**THE TASK:** For this exercise, return all the data word for word, with images left out.

**GIVEN MATERIAL:**
__________

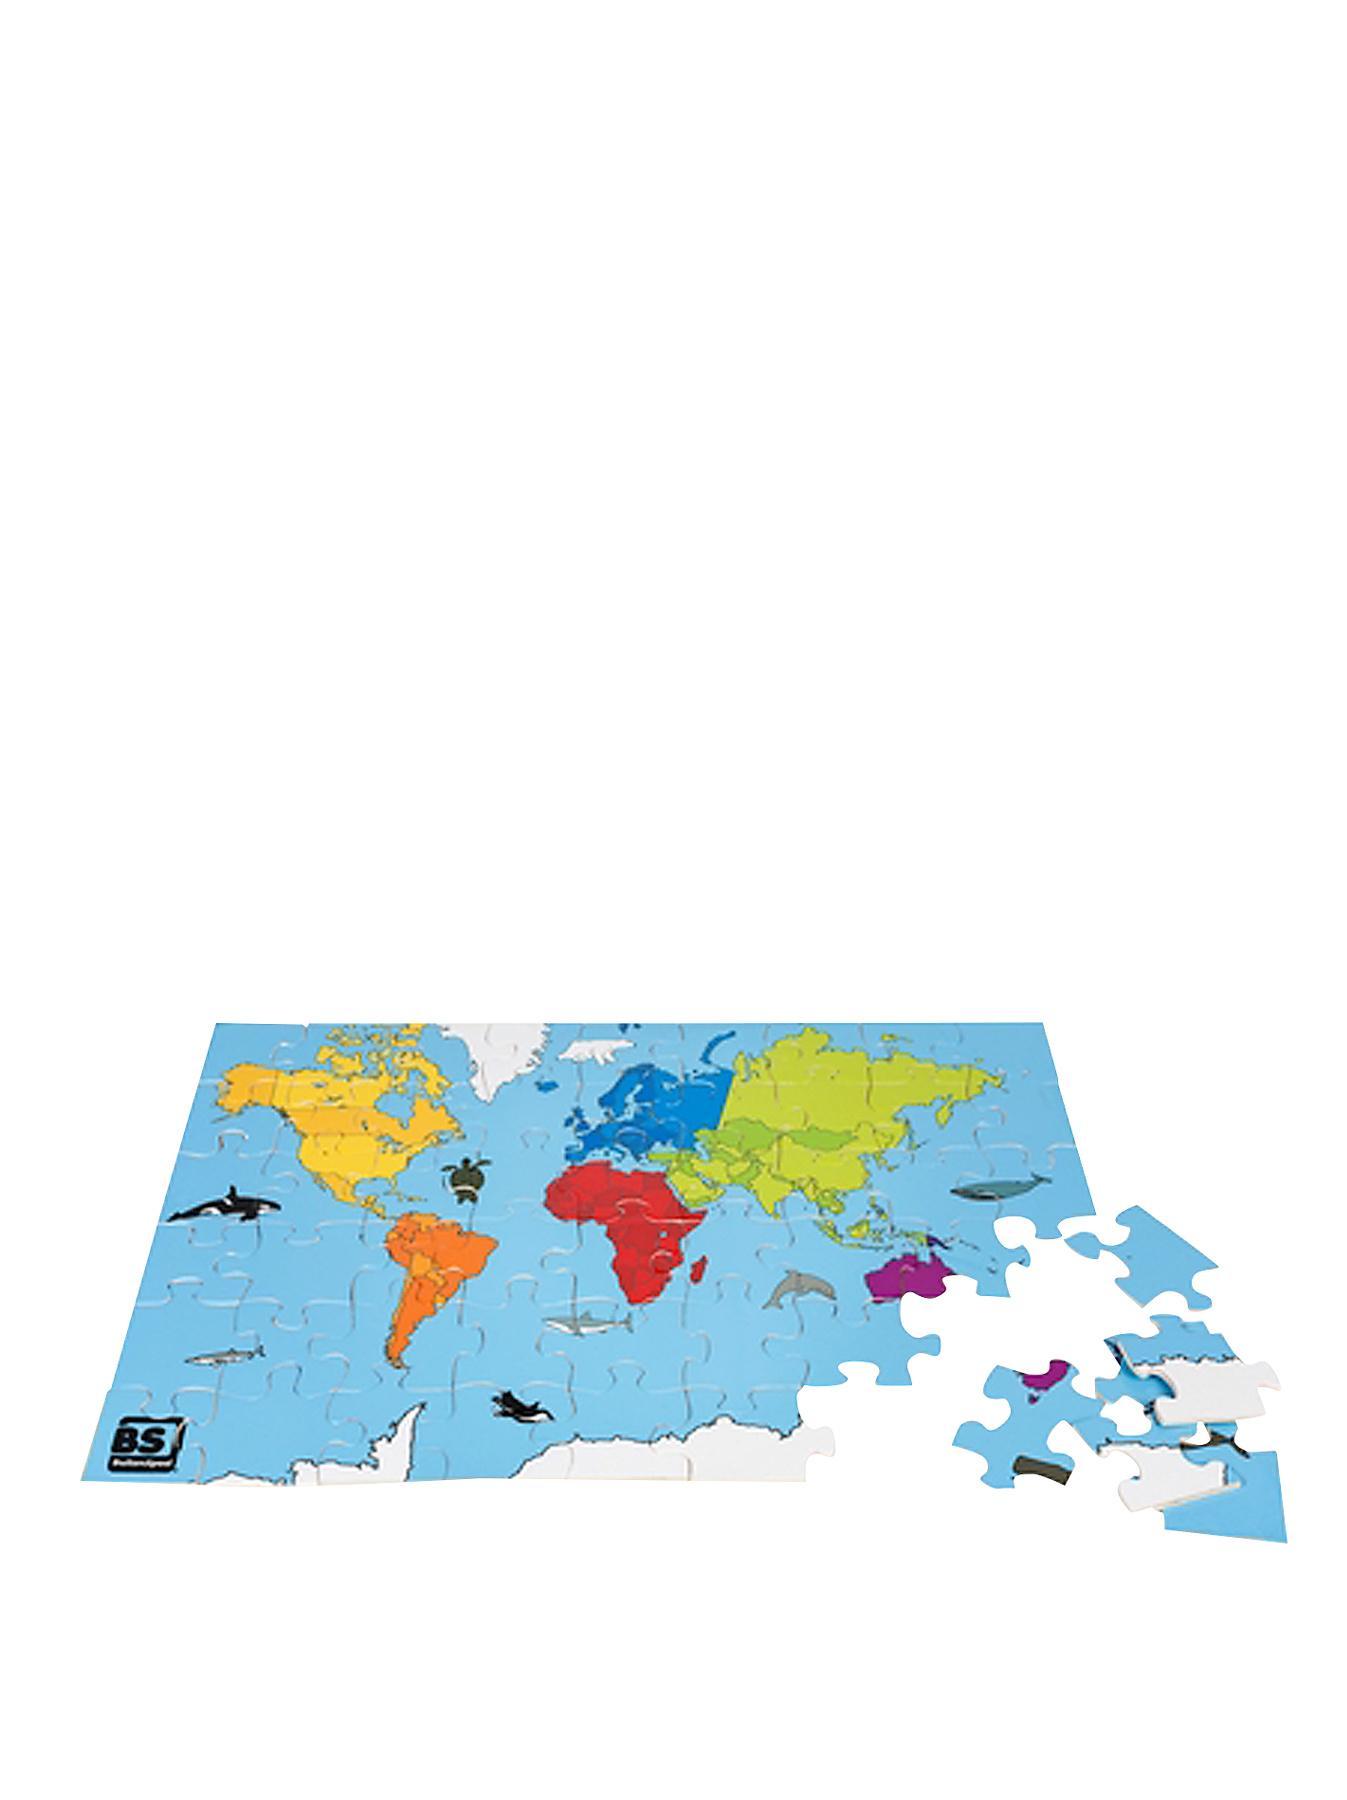 54-Piece World Puzzle
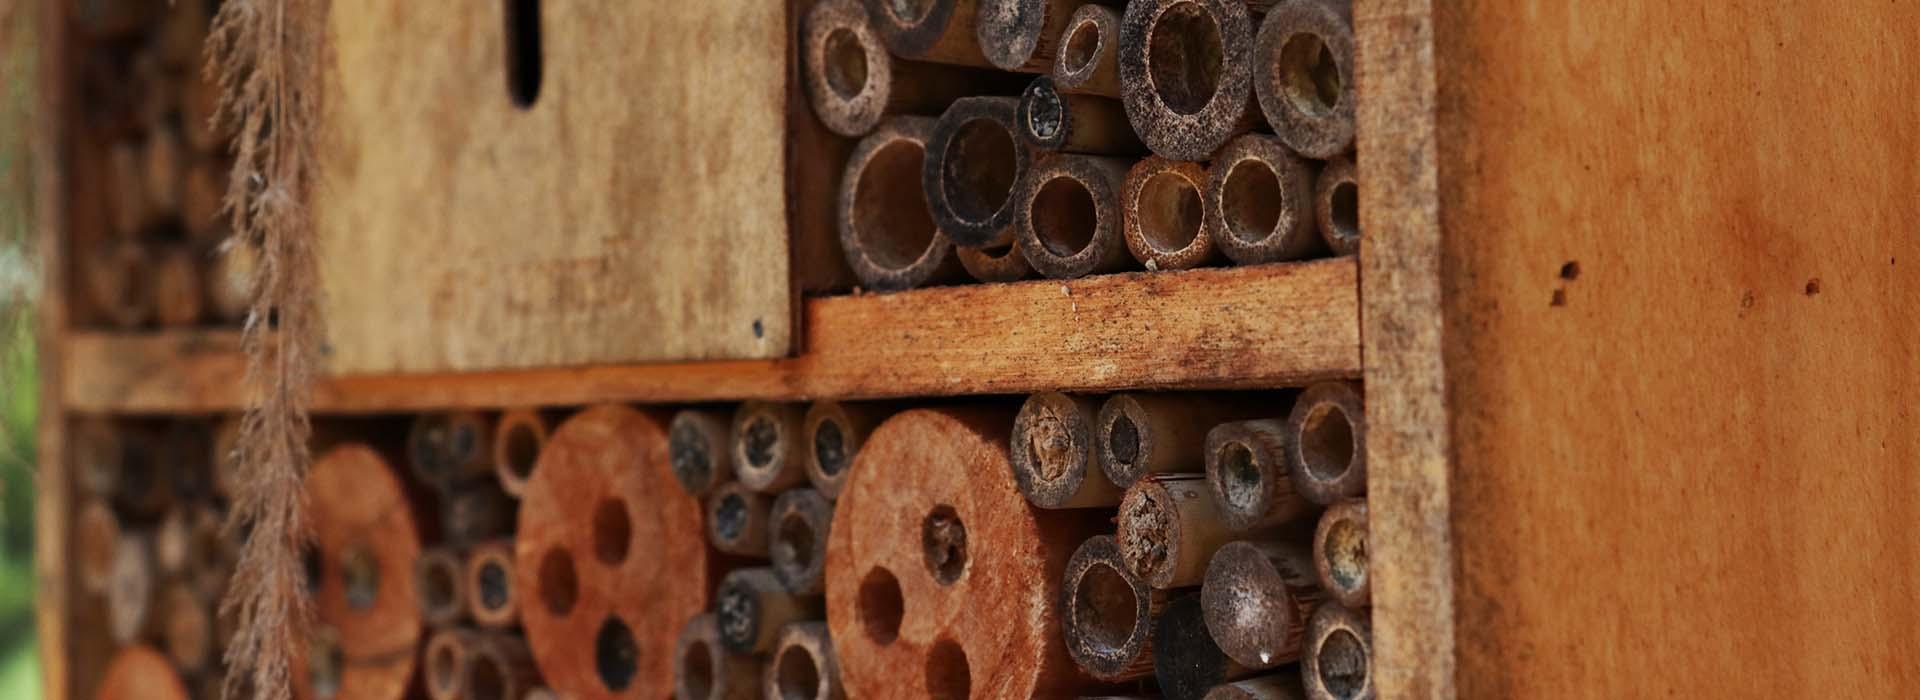 Insektenhotel ausstatten
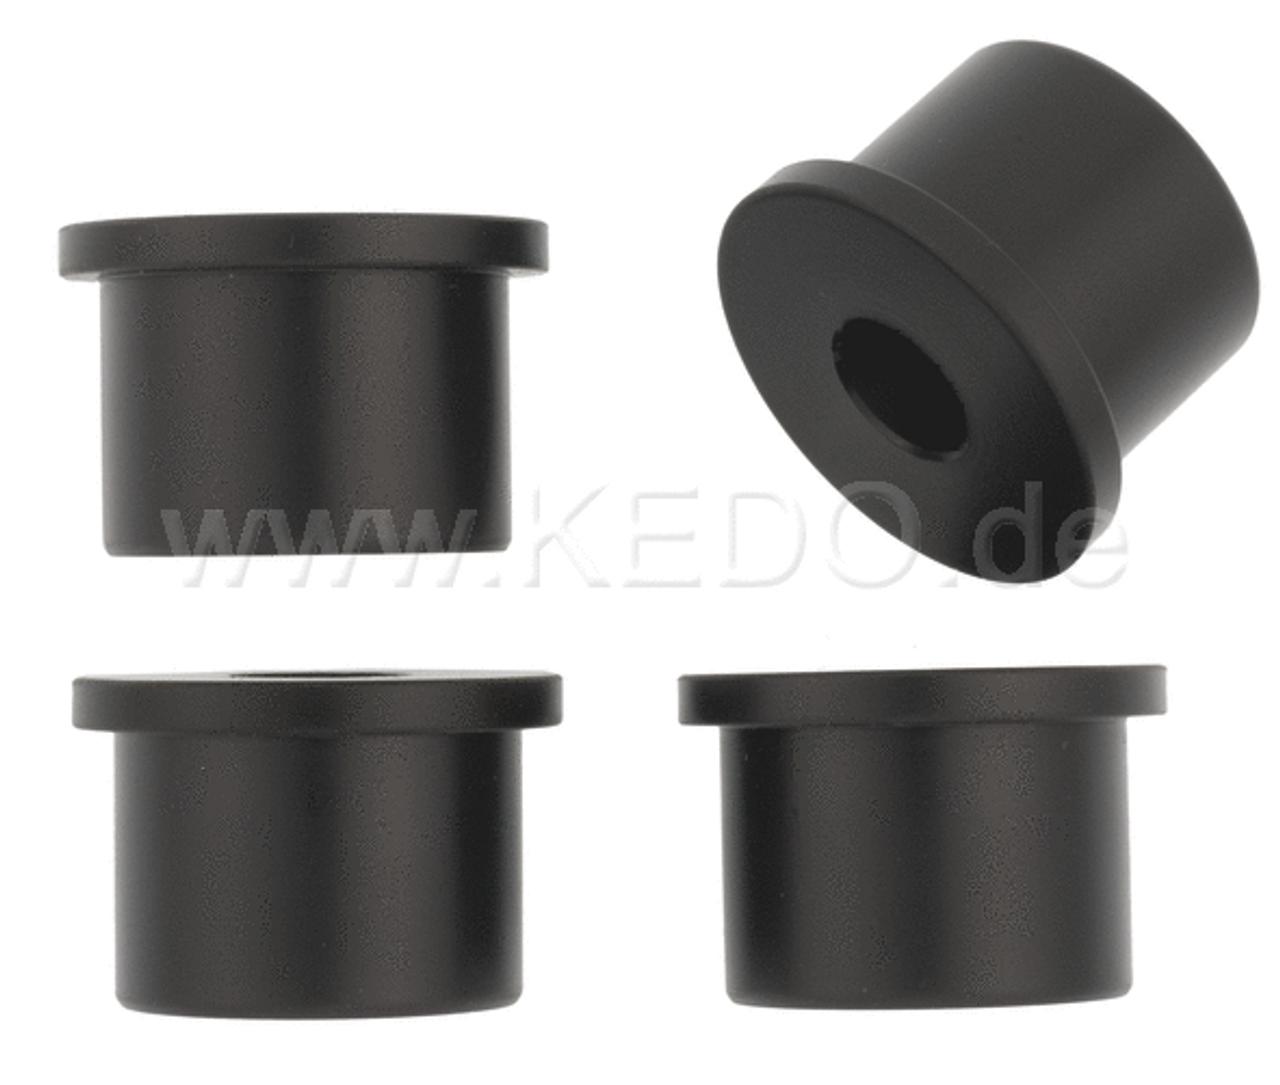 KEDO Top Yoke Bushings (Massive) for Handlebar Clamp, Black Plastic, Set of 4

__________

**SOLUTION FOR THIS PROBLEM:**
 54-Piece World Puzzle
 Insektenhotel ausstatten
 KEDO Top Yoke Bushings (Massive) for Handlebar Clamp, Black Plastic, Set of 4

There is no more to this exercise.